[DATA SUPPLIED]
Segment Open

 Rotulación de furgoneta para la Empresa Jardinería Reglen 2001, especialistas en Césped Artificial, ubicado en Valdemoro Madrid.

Segment Closed
Segment Open

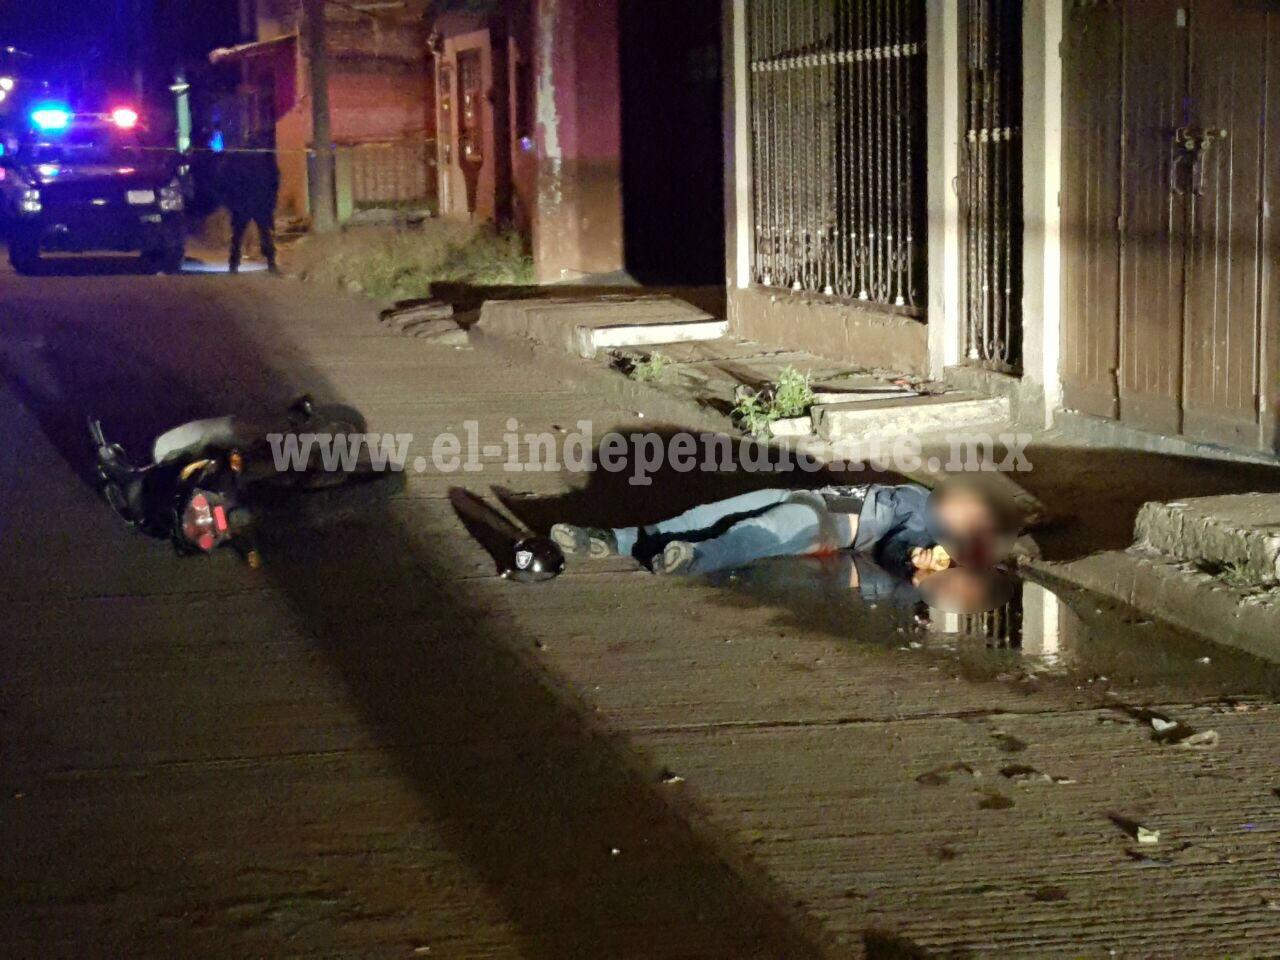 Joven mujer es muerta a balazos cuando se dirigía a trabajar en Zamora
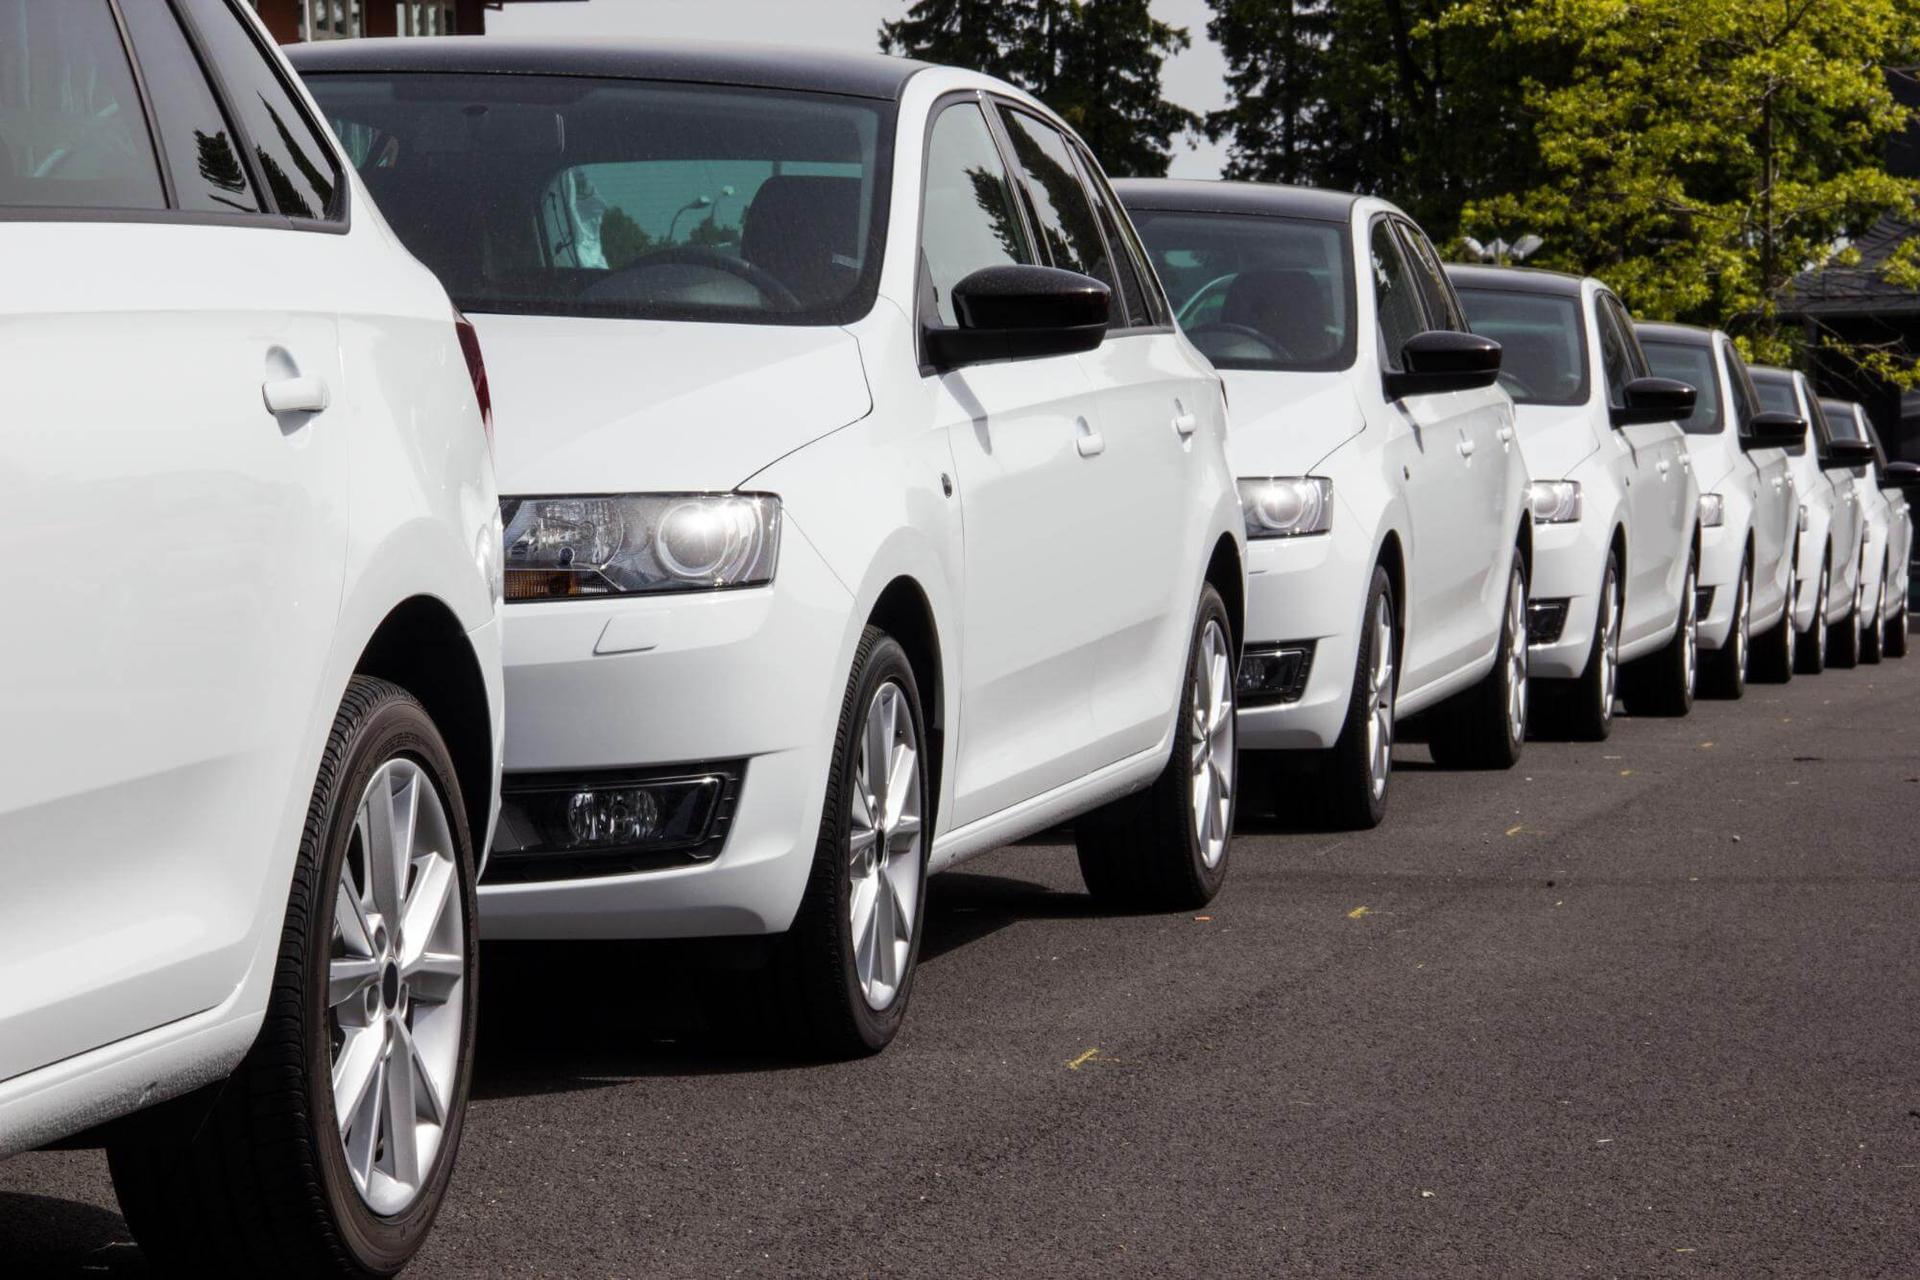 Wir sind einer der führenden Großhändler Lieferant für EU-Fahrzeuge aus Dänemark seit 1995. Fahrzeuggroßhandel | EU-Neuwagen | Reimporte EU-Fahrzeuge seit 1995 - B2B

Segment Closed
Segment Open

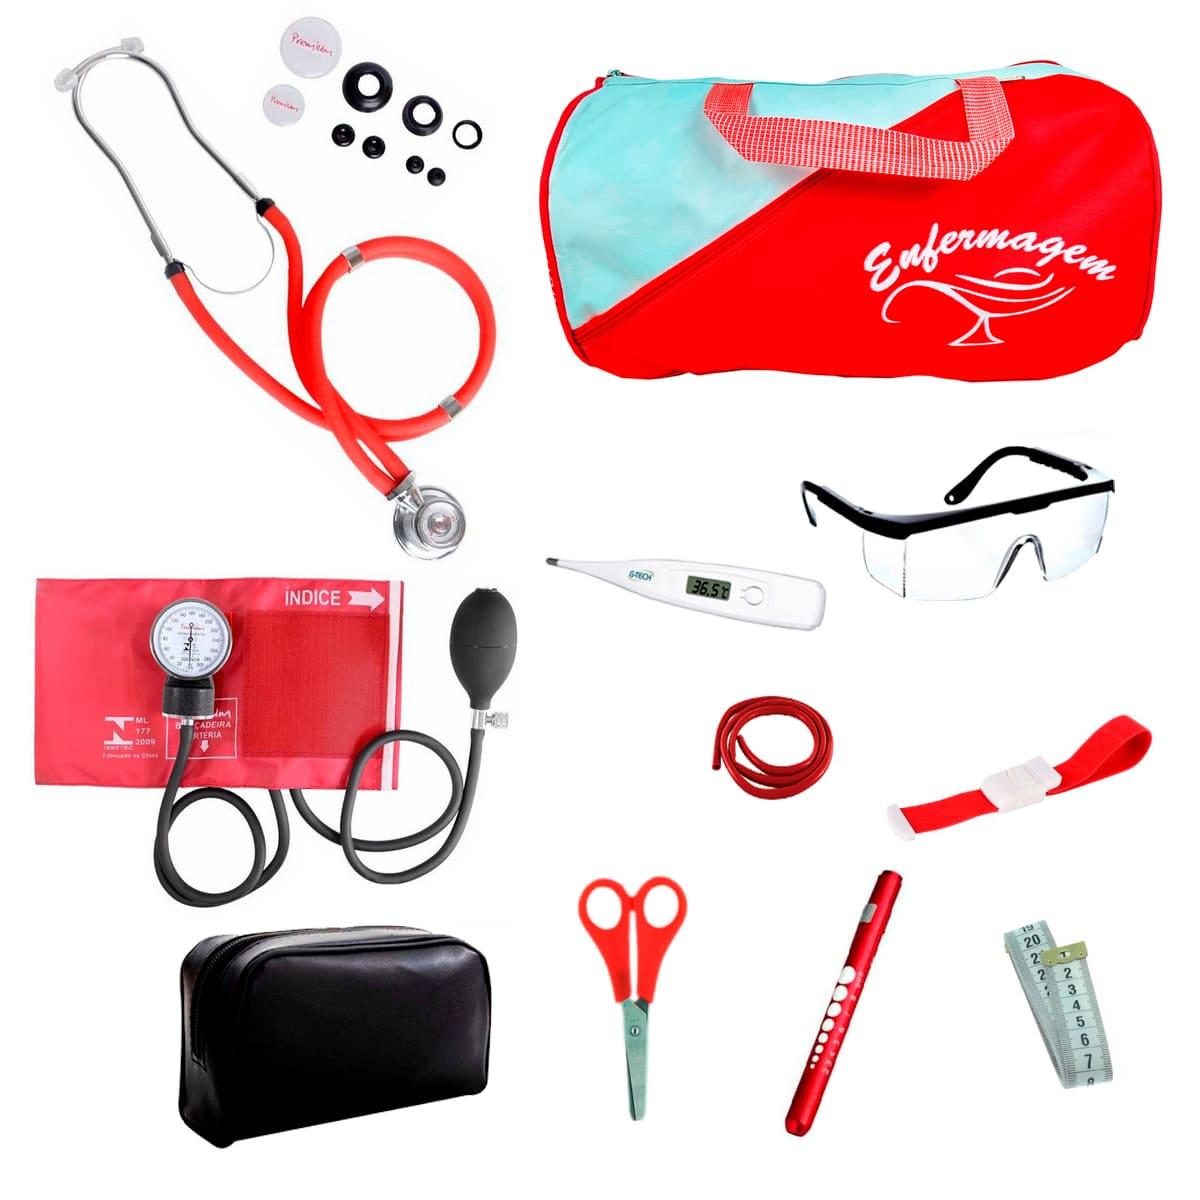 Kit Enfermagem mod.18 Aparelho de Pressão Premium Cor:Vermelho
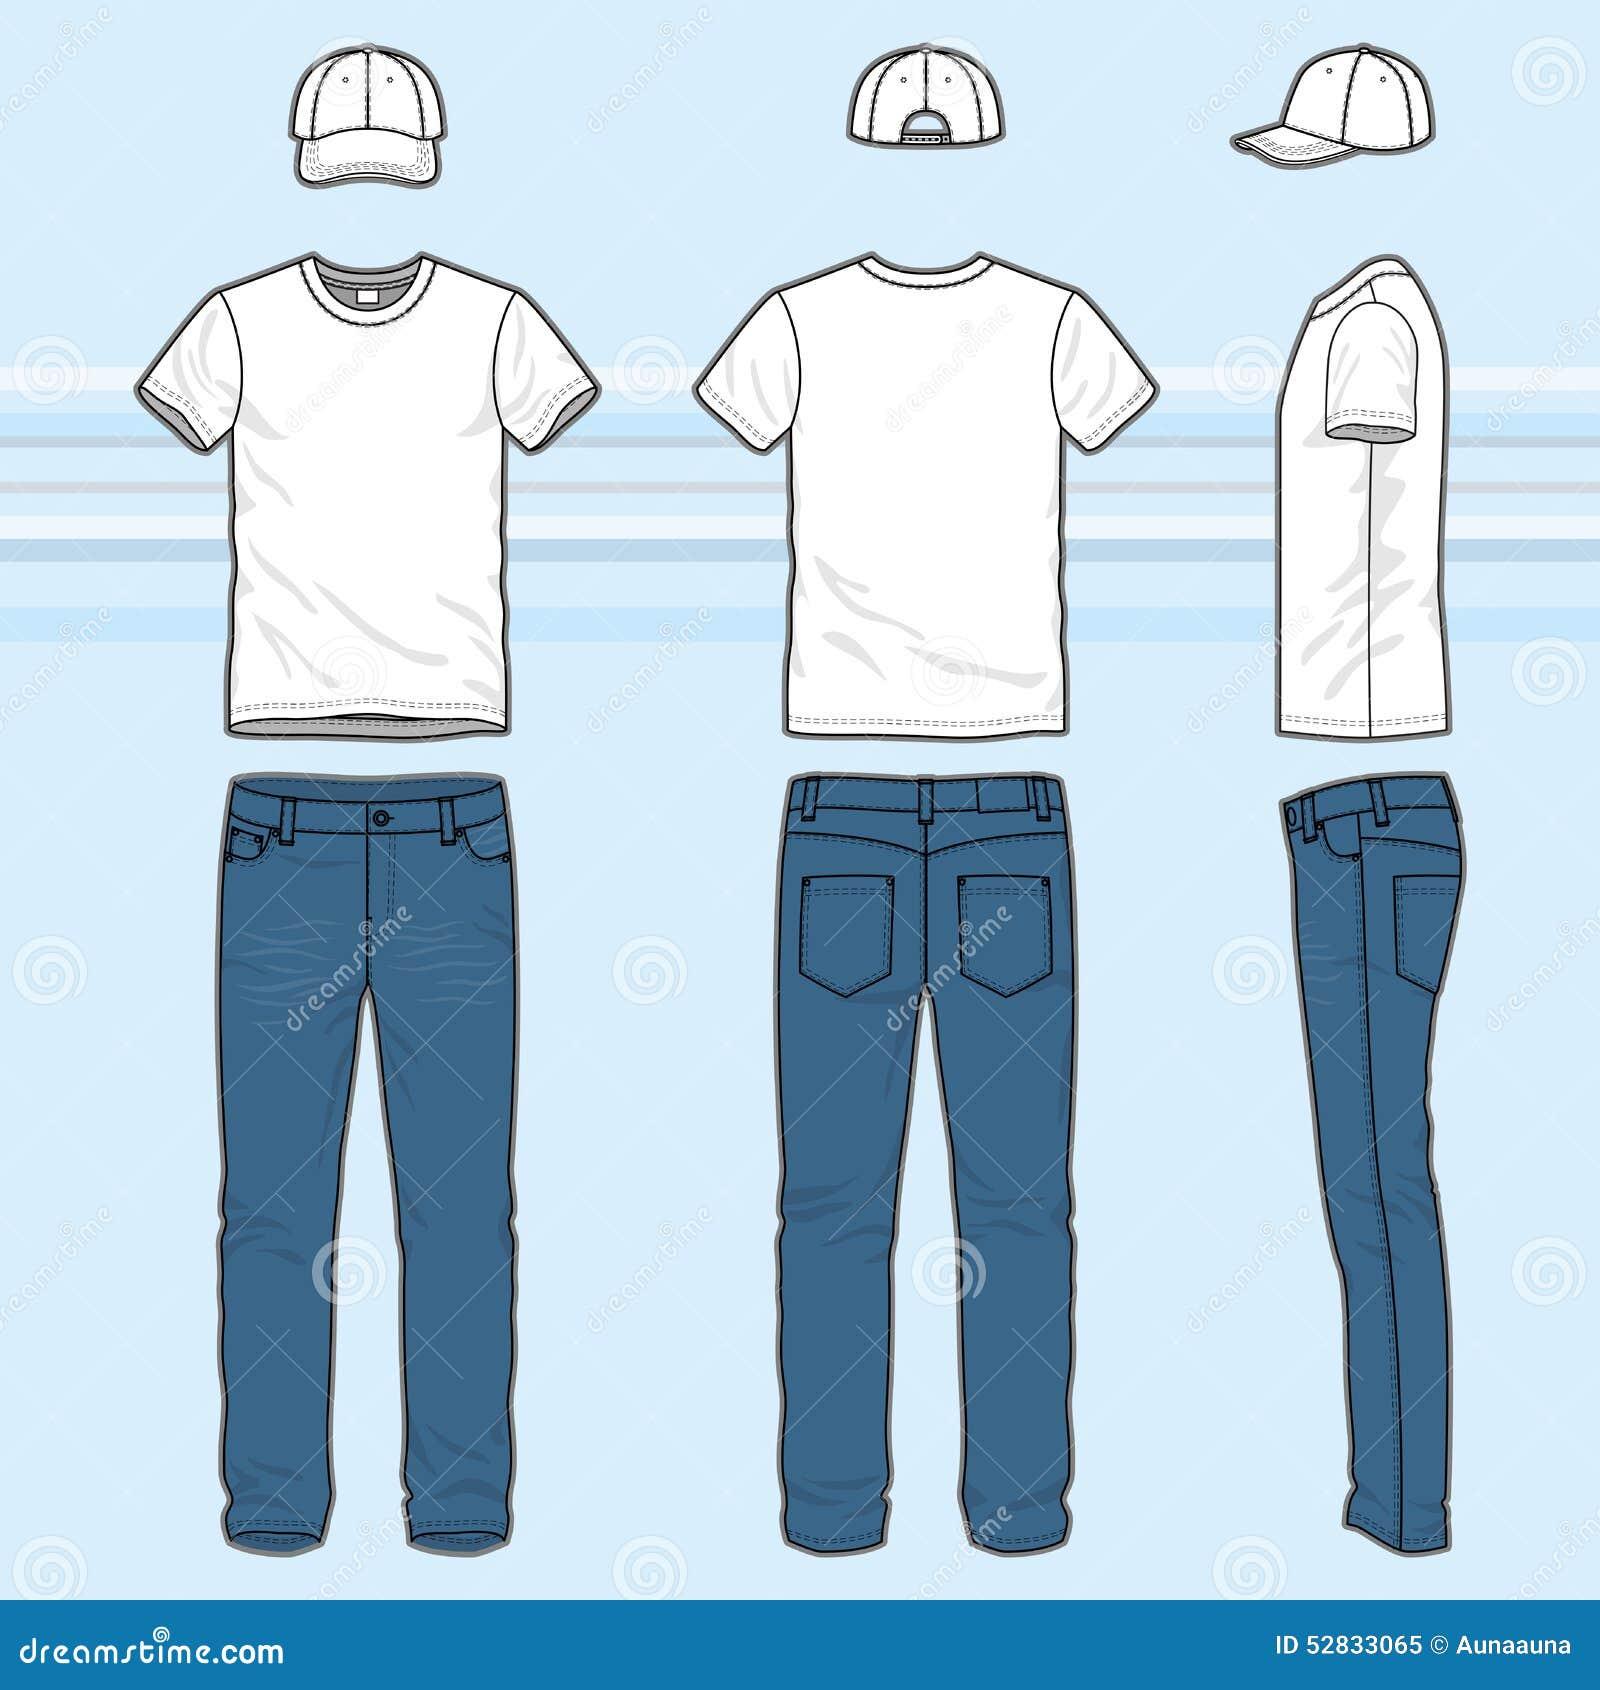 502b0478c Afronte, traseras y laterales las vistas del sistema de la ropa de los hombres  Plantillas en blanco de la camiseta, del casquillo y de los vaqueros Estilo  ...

Segment Closed

Give the lines above again exactly, from the one containing "Joven mujer es" to the one containing "Wir sind einer", both included, but leave out the pictures.

[ANSWER TO THE PROBLEM]
 Joven mujer es muerta a balazos cuando se dirigía a trabajar en Zamora
 Wir sind einer der führenden Großhändler Lieferant für EU-Fahrzeuge aus Dänemark seit 1995. Fahrzeuggroßhandel | EU-Neuwagen | Reimporte EU-Fahrzeuge seit 1995 - B2B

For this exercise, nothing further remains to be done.